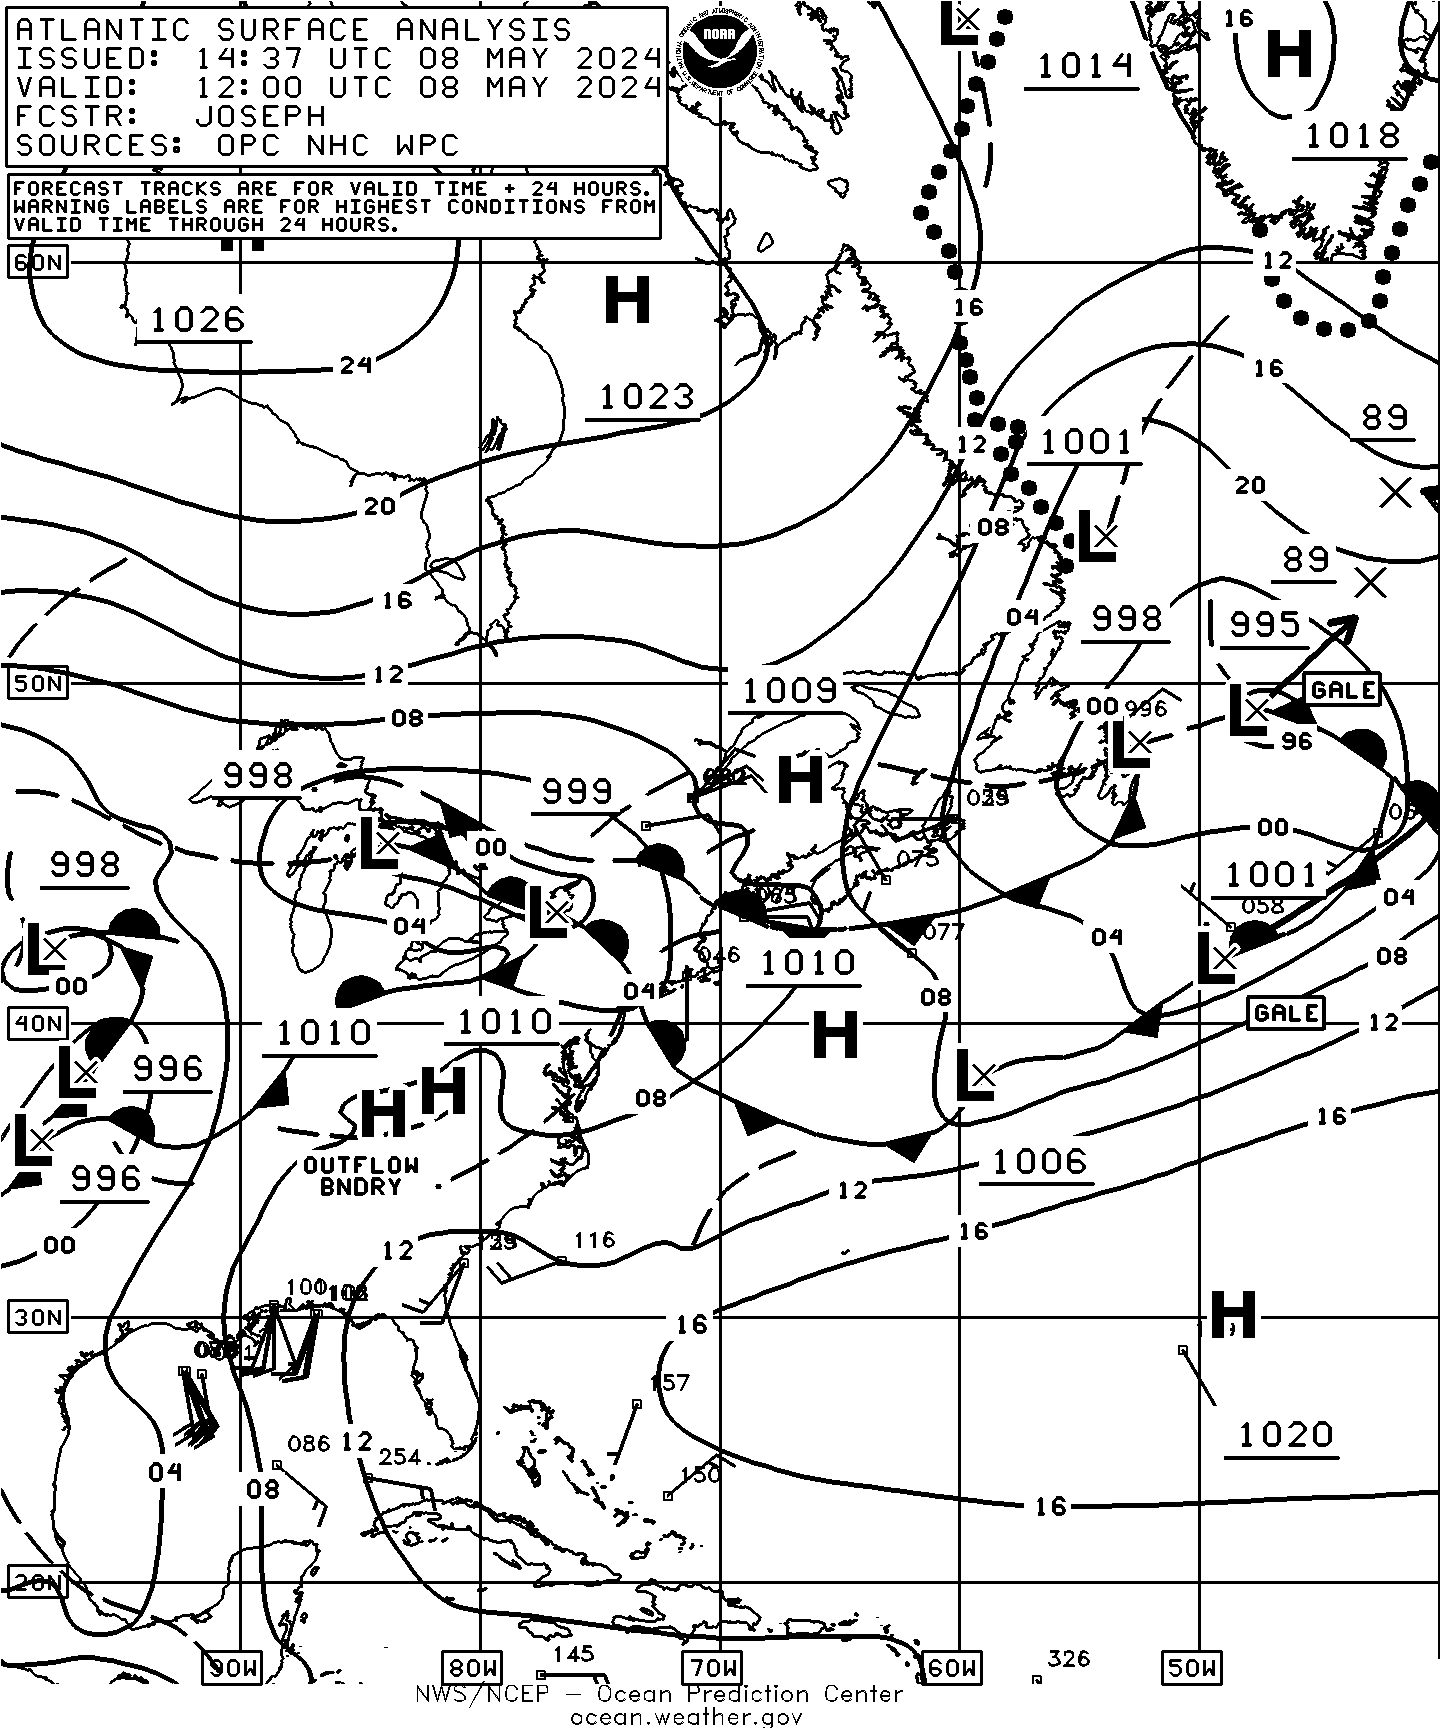 Image of Atlantic Surface Analysis
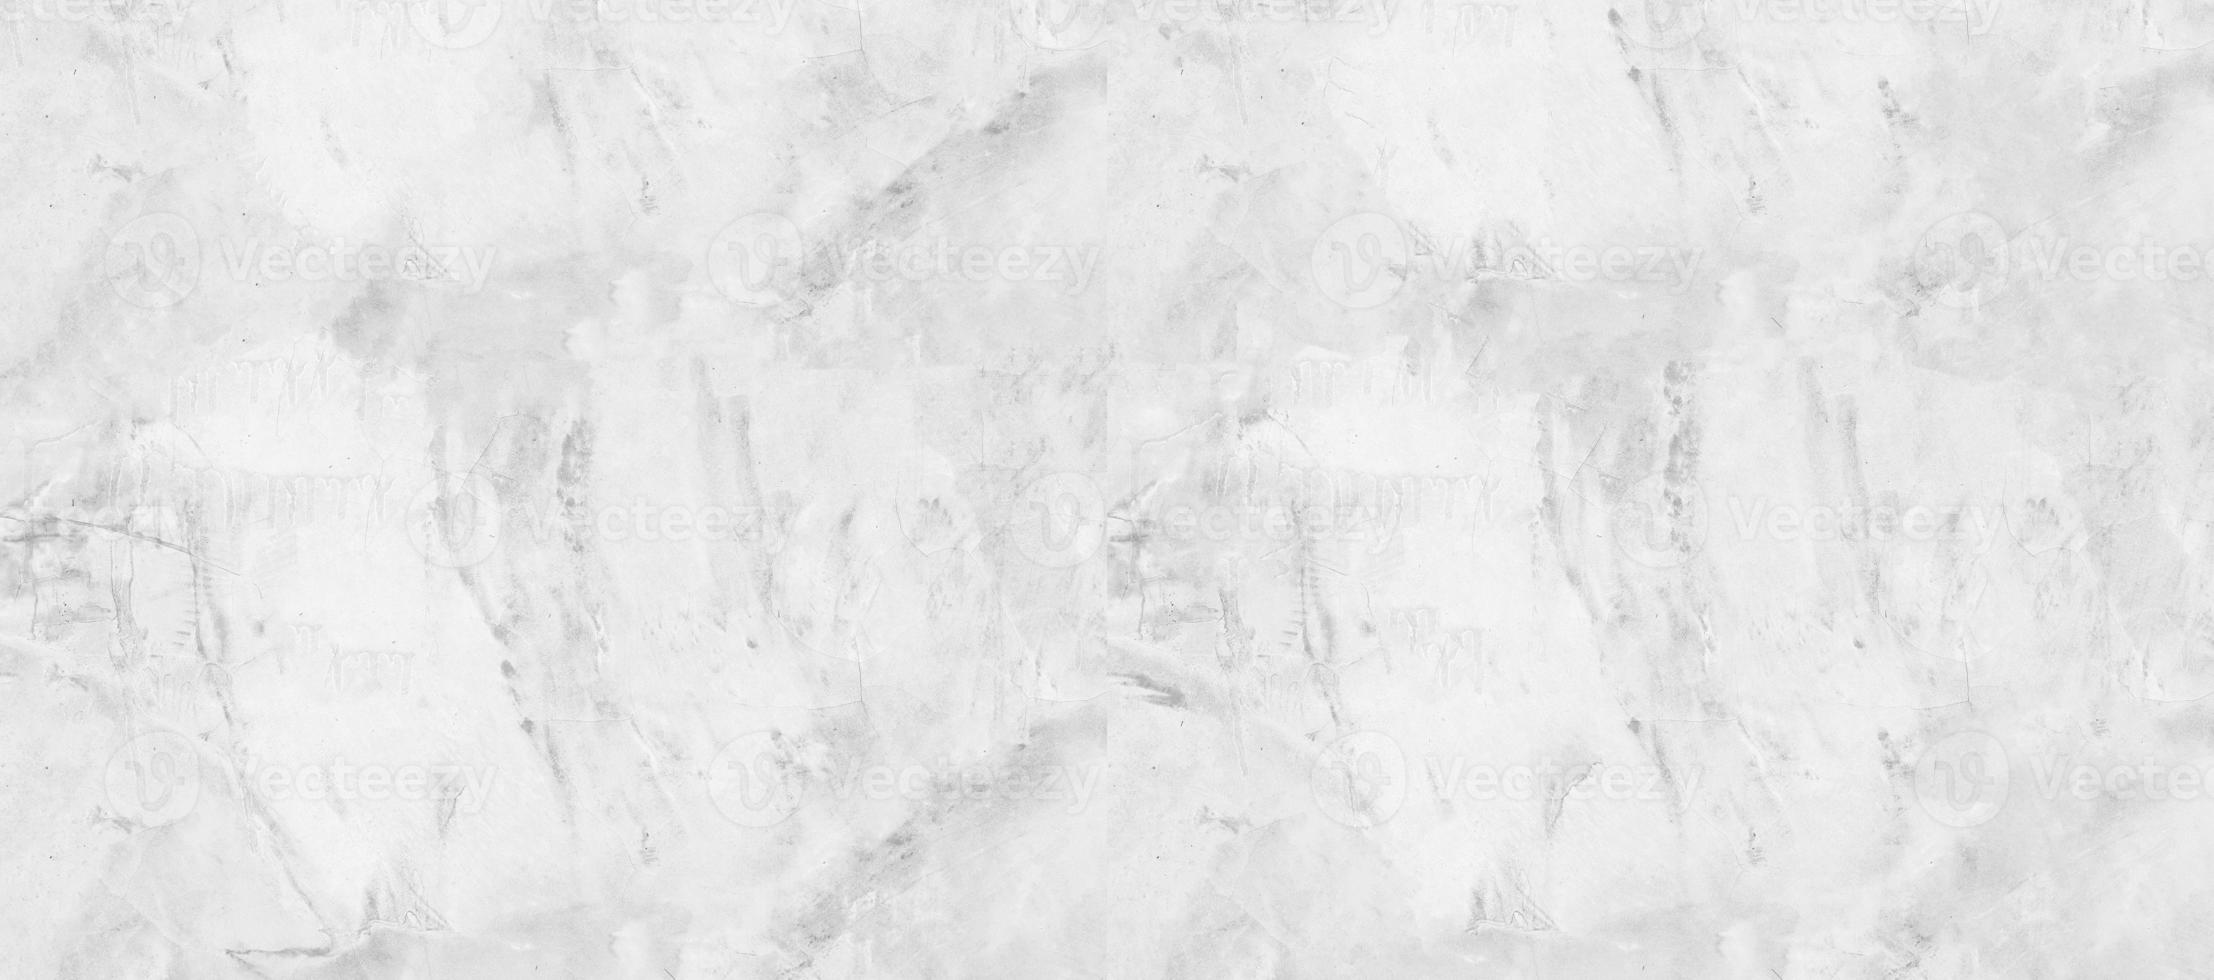 textura de parede de concreto branco para o fundo foto
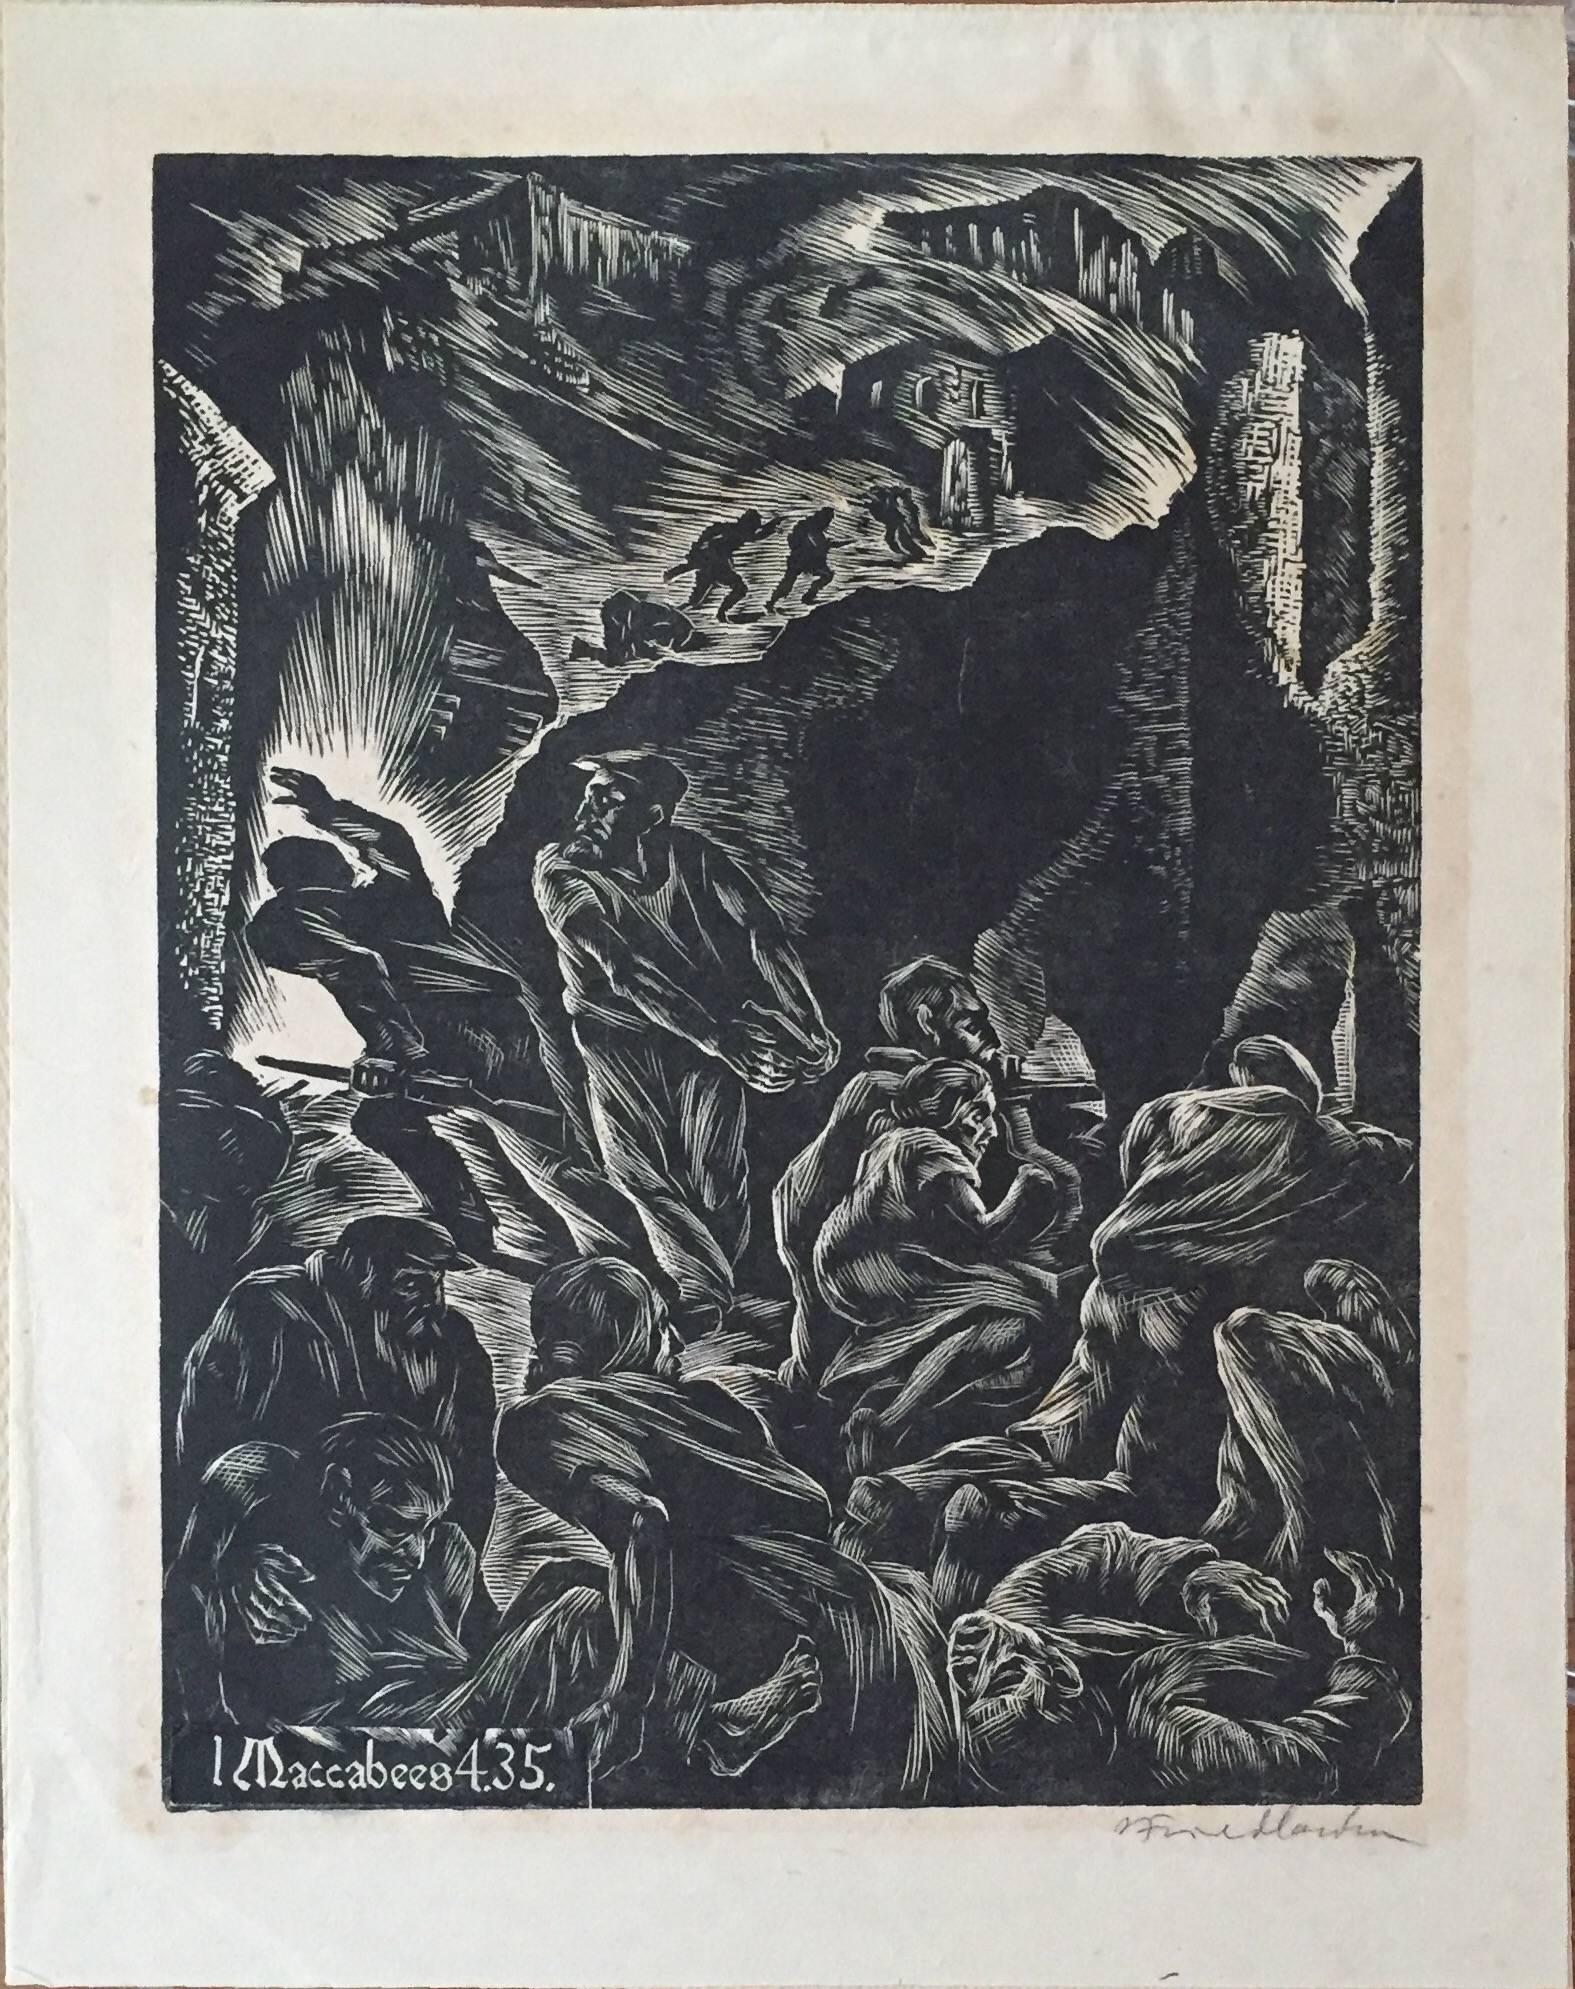 Albert Abramovitz Figurative Print – Makaken 4.35.

※

Only the lines from the one containing "textura de parede" through the end of the data above are to be output, exactly and without pictures.

_Written reply_
 textura de parede de concreto branco para o fundo foto
 Albert Abramovitz Figurative Print – Makaken 4.35.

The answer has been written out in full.